Preferably, the drive shaft is mounted for rotation in a bottom hole assembly (BHA). In this case, the first and second fluid flow lines can extend through the BHA to the bit and drive shaft respectively. The fluid flow lines can therefore comprise first parts formed in the BHA and second parts formed in the bit or drive shaft respectively. The second part of the second passage can comprise one or more holes extending from the conduit. The holes can be angled to the radial direction.
In one preferred embodiment, a baffle is provided which extends around the periphery of the BHA near the bit, the first fluid line having an inlet which is on the opposite side of the baffle to the drill bit, and the second fluid line having an inlet between the baffle and the drill bit.
A second aspect of the invention provides a method of drilling a well using a system according to the first aspect of the invention, the method comprising: positioning the system in a borehole; rotating the drive shaft to rotate the bit; urging the bit against the formation to be drilled; and pumping drilling fluid down the borehole so as to pass through the first flow line and to exit the fluid flow passage in the drill bit via the outlet, flow over the bit face and pass into the fluid flow conduit via the second fluid flow line.
BRIEF DESCRIPTION OF FIGURES IN THE DRAWINGS
FIG. 1 shows a schematic diagram of a wireline drilling system;
FIG. 2 shows one embodiment of a system according to the invention; and
FIG. 3 shows a modification of part of the embodiment of FIG. 2.
MODE(S) FOR CARRYING OUT THE INVENTION
This invention finds a particularly preferred application in wireline drilling systems which have been proposed for drilling lateral boreholes from a main well. FIG. 1 shows a schematic diagram of such a system, comprising a downhole drilling system 10 which is positioned in a lateral well 12 extending from a main well 14. The downhole drilling system 10 is connected to the surface by means of a wireline cable 16 which provides power and control signals during operation. The drilling system 10 comprises a BHA including a tractor system 18 for moving the BHA along the lateral well 12, a power and drive module 20 for converting the electrical power provided by the cable 16 into mechanical drive for rotating a drill bit 22 and applying weight on bit during drilling. Such systems are proposed for drilling relatively narrow lateral boreholes. The size of the motors used and the limitations of the wireline cable mean that these systems are considered to be ‘low power’ drilling systems when compared to conventional drilling technology.
For a low power drilling system, it is desirable to have a high rotation speed bit. When combined with reverse circulation, the centripetal forces imparted by the bit on the drilling fluid act in the opposite direction to the desired fluid flow and can force the cuttings out to the outer edge of the tool face and prevent them from flowing to the flow exit in the center of the bit.
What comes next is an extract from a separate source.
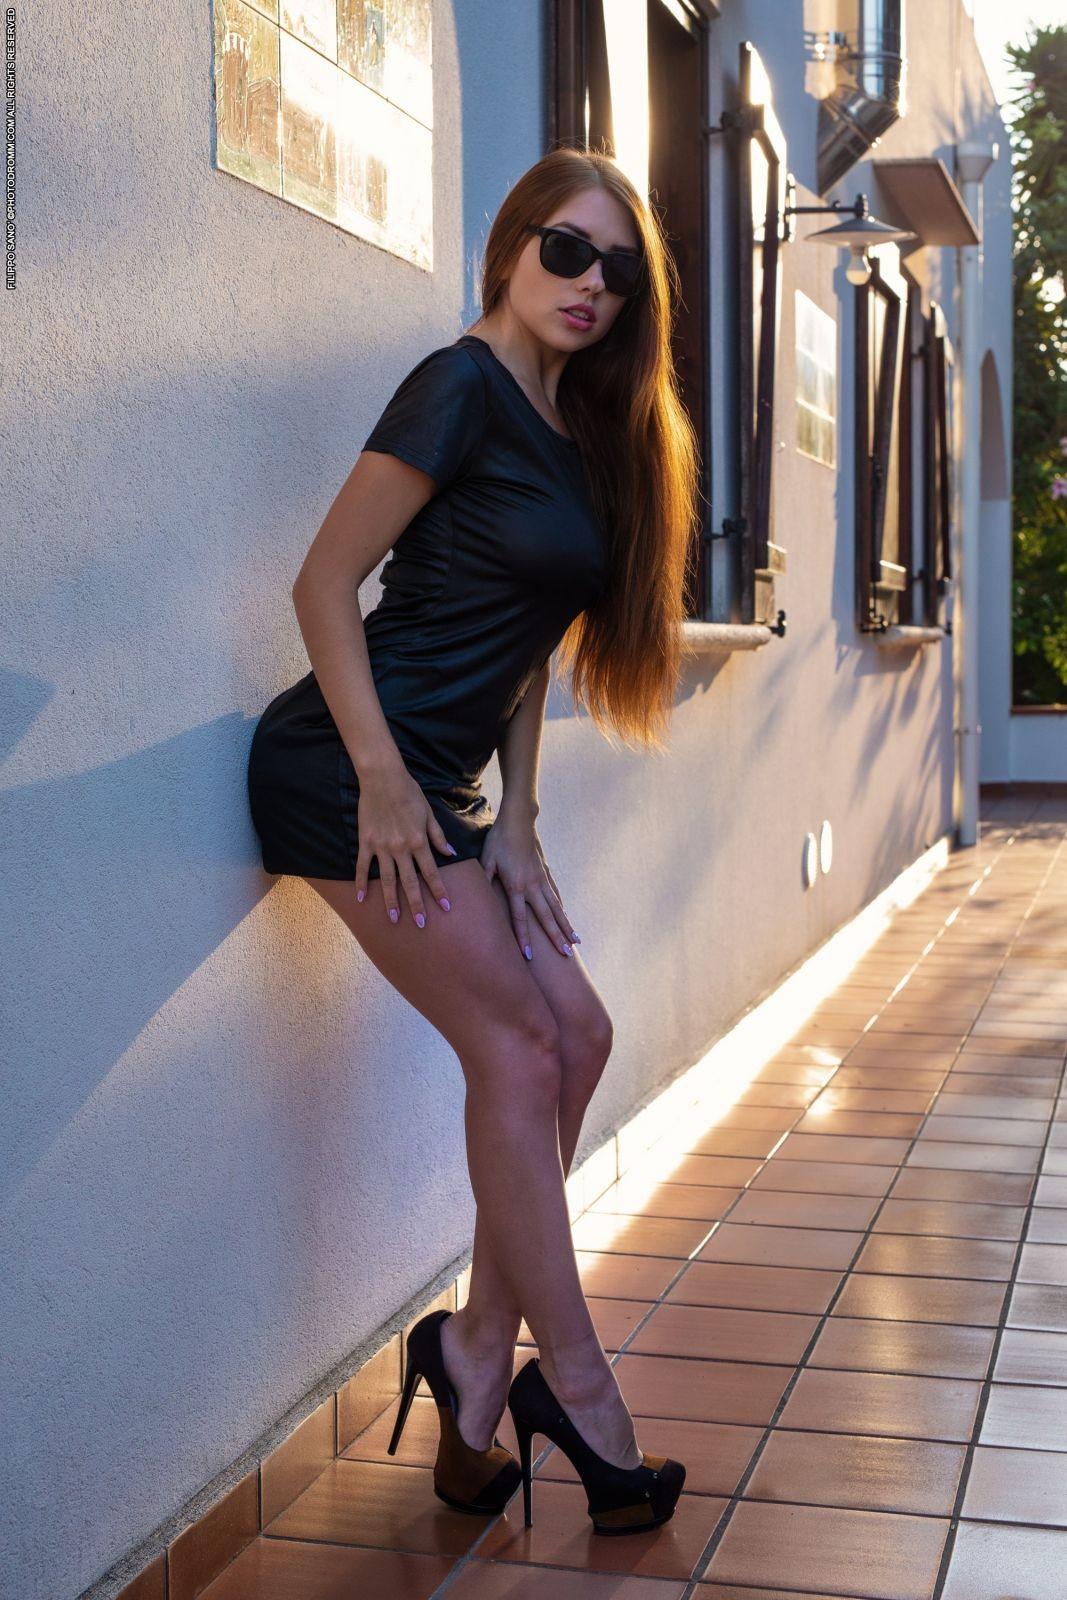 Аппетитная девушка в платье и туфлях - фото

This invention is based on a hydraulic arrangement where the flow around the bit is ‘conventional’ and driven by the pumping action of the bit itself, but the reverse circulation of the main hydraulic circuit sweeps the cuttings up and returns then through the inside of the drilling tool.
FIG. 2 shows a diagram of the end of a BHA incorporating the present invention located in a borehole 28 and comprising a BHA housing 30 in which is mounted a hollow drive shaft 32 having a flow conduit 34 extending along the center thereof. A drill bit 36 is connected to one end 38 of the drive shaft 32 (the other end, not shown, is connected to a motor forming part of the power and drive module 20).
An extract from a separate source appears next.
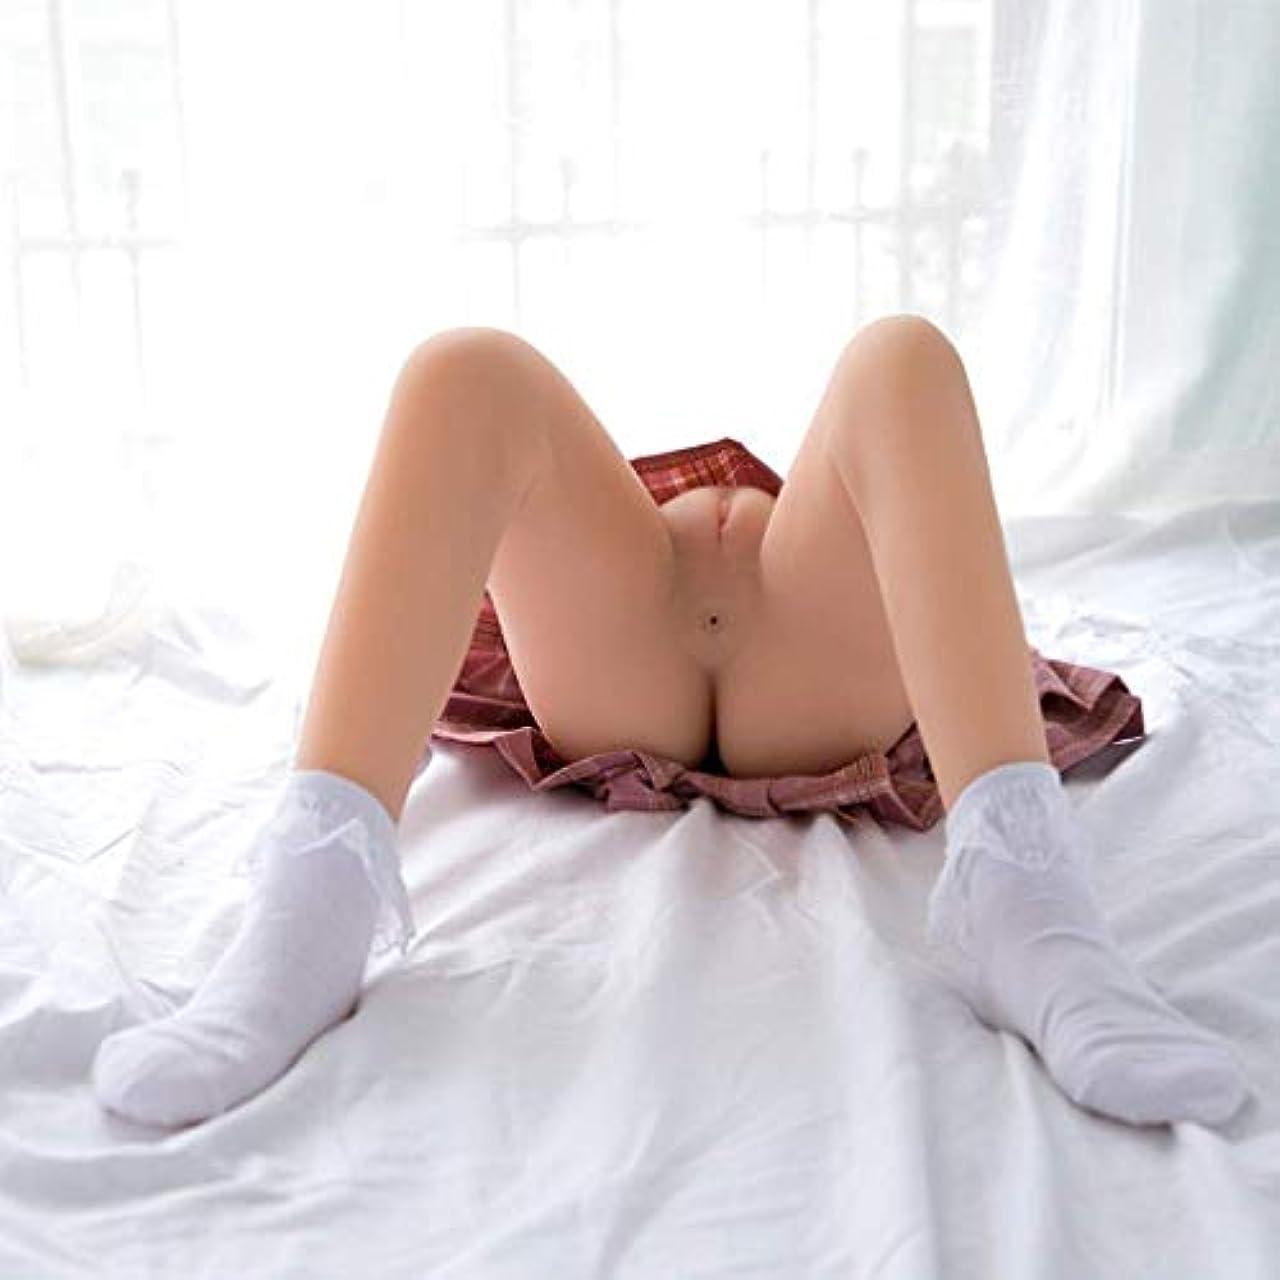 ダウン発揮する従順男性は男性ハンズフリースリーブストローツール用シリコーンリアルタイムスキンポケットP`üššýトルソーを再生するためのフルボディLOVEDõlés、Aadültセックスプレイ (Size : 70cm)

The drill bit 36 has a bit face 40 that is the part which performs most of the drilling work in use. A flow passage 42 extends along the center line (axis of rotation) of the bit 36 with an outlet 44 in the center of the bit face 40.
The connection between the drive shaft 32 and the bit 36 is such that there is no direct connection between the flow conduit 34 and the flow passage 42.
A baffle 46 projects from the outer wall of the BHA housing 30 so as to extend around its periphery in the region of the bit 36. The outer diameter of the baffle 46 is less than that of the bit 36. The BHA housing 30 is provided with flow lines to act as a crossover sub for flow between the annulus around the tool in the borehole and the interior of the tool (in this case the terms ‘above’ and ‘below’ are use to indicate positions towards the surface of the borehole and towards the bottom of the borehole respectively when the tool is in use in its normal configuration). A first flow line 48 extends from the outer surface of the housing 30 above the baffle 46 to connect to connecting ports 50 in the bit 36 which extend to the flow passage 42. Several connecting ports 50 are provided around the passage 42 and an annular chamber 52 is defined in the inner surface of the housing 30 to act as a manifold such that fluid communication can be maintained with the ports 50 as the bit 36 rotates. A second flow line 54 extends from the outer surface of the housing 30 below the baffle 46 to connect to connecting ports 56 in the drive shaft 32 which extend to the flow conduit 34. Several connecting ports 56 are provided around the conduit 34 and an annular chamber 58 is defined in the inner surface of the housing 30 to act as a manifold such that fluid communication can be maintained with the ports 56 as the shaft 32 rotates.
The structure of the flow lines 48, 54 described above provides a cross over assembly which directs the fluid coming down the annulus into the center passage 42 of the bit 36. From there it is sucked out over the bit face 40 and pumped by the centripetal force created by rotation of the bit radially out to the annulus around the bit 36. It then returns through the cross over to the conduit 34 down the center of the drive shaft 32 where it passes back up the tool and out of the borehole. Alternatively cuttings may be removed from the fluid downhole with cuttings free fluid being discharged into the annulus to flow back down the annulus to be drawn back into the drill bit. The BHA can include a pump to draw the fluid that is coming down the annulus through the ports 50 into the center passage 42.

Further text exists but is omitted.